When you walk into a high street store or click through to an online retailer, it is unlikely you arrived there unprompted. If you return, it is a dead cert that someone directed your steps.
In recent years, providing a positive consumer experience has become everything for brands, from the first pop-up ad shoppers see to the after-sales service they receive. So is it time human resources professionals started taking a leaf out of their book?
If the latest employee engagement statistics are anything to go by, the answer is a resounding “yes”. According to a worldwide study by pollster Gallup, two thirds (67 per cent) of employees are disengaged. In other words, they give their time, but not their best.
“We have a lot to learn from how we approach consumers in a sales and marketing sense to how we should be listening to and understanding employees,” says Rob Catalano, co-founder of the Toronto-based employee engagement specialist WorkTango.
Learn about employee experience in real time and personalise
But how? Mr Catalano suggests two quick-fix changes. The first is to ditch annual staff surveys. No marketing executive worth their salt would poll their customers once a year, provide zero feedback and then act on the information many months later. Yet, with annual work surveys, this is what HR teams are doing all the time.
Instead, organisations should be seeking out opinions on employee experience on a far more frequent basis. WorkTango, which counts footwear brand Deckers and GPS solutions firm Trimble among its clients, provides a software tool that enables team leaders to track employee sentiment in almost real time.
“There’s a large consultancy we work with, for example, that is pulsing employees every two weeks. They ask four or five questions and then use that information to deal with smoke before fire,” Mr Catalano says.
Second, employers need to “get employee specific”. As with customers, workers are not all the same. Accommodating differing needs and aspirations is therefore vital. In Mr Catalano’s view, the best way to achieve this is tailoring employee feedback mechanisms to individual divisions and teams.
“That way, leaders are getting the voice of their employees and understanding what their sentiment really is, which helps facilitate conversations, address problems and generally create a better working environment,” he says.
Employee experience more important than company process
Another key lesson revolves around the employee experience. HR professionals are notoriously adept at creating processes. Want time off to visit your sick aunt, there’s a system. Worried about your pension rights, fill in the form.
But what a customer-centric strategy teaches is that experience trumps processes every time. Keep shoppers waiting or forget their particular preferences and they have no qualms about walking out the door. In a tight labour market, don’t bet against your workforce not doing the same.

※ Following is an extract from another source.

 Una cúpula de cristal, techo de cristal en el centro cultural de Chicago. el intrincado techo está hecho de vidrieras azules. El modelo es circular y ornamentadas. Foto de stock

We have a lot to learn from how we approach consumers in a sales and marketing sense to how we should be listening to and understanding employees
Oracle UK is one of many companies trying to get better at seeing work through employees’ eyes. To that end, it has developed a “journey mapping” approach that looks at people’s ongoing interactions with a firm and asks how they feel at every stage.
Andy Campbell, Oracle’s head of strategy for human capital management, gives the example of recruitment. He cites a retail bank that immediately gives a job offer to those who successfully interview for work in its contact centre.
“Rather than call them back in a month’s time, they offer them a contract there and then. That’s what I would like as a consumer. To go to a job interview and get a job offer. What’s better than that?” he asks.
Leveraging digital tech to improve hiring and training
In a similar way, employers are increasingly using video to help potential recruits envision what it feels like to work for them. Illustrative examples of the tactic range from trendy tech firms like DropBox and Go Pro through to charities such as WWF and the Animal Humane Society.
This trend points to a wider lesson around the use of digital technologies. Workplaces, a popular quip runs, are where modern technologies go to die. “That is just wrong,” says Mr Campbell.
Outside work hours, employees are consumers like everyone else. Clicking online for product reviews or searching for videos on how to fix something is now second nature. Yet at work, thick instruction manuals and week-long training courses remain the order of the day.
“In their workplaces, people want and expect the same kind of capabilities and experiences. And if they don’t get that, then they are going to be disillusioned and disenfranchised,” he says.
While the parallels between the customer and the employee experience are multiple, the correlation is not perfect. For one, there is a huge mismatch of resources. Marketing budgets are multiple orders of magnitude greater than those available to HR.
Improve communication to boost employee experience
Another major sticking point relates to control. Unlike the consumer experience, which can be effectively ringfenced by marketing and sales functions, the employee experience is far harder to tie down, according to Jo Moffat, founder of the employee engagement agency Woodreed.
Take communications. While marketing departments will always write customer-facing content with a consistent voice, internal communication is all too often a free for all.
“You might have facilities management writing something about the canteen, someone from the finance department writing about pensions and so on. There’s a whole raft of voices, and by and large they are inconsistent,” she says.
Yet the premise that HR professionals have much to learn from their consumer-oriented colleagues remains sound. Employers do not need to cater to their workers’ every whim. But they do need to think harder about their everyday experience of work. If not, then don’t be surprised if employees start shopping around.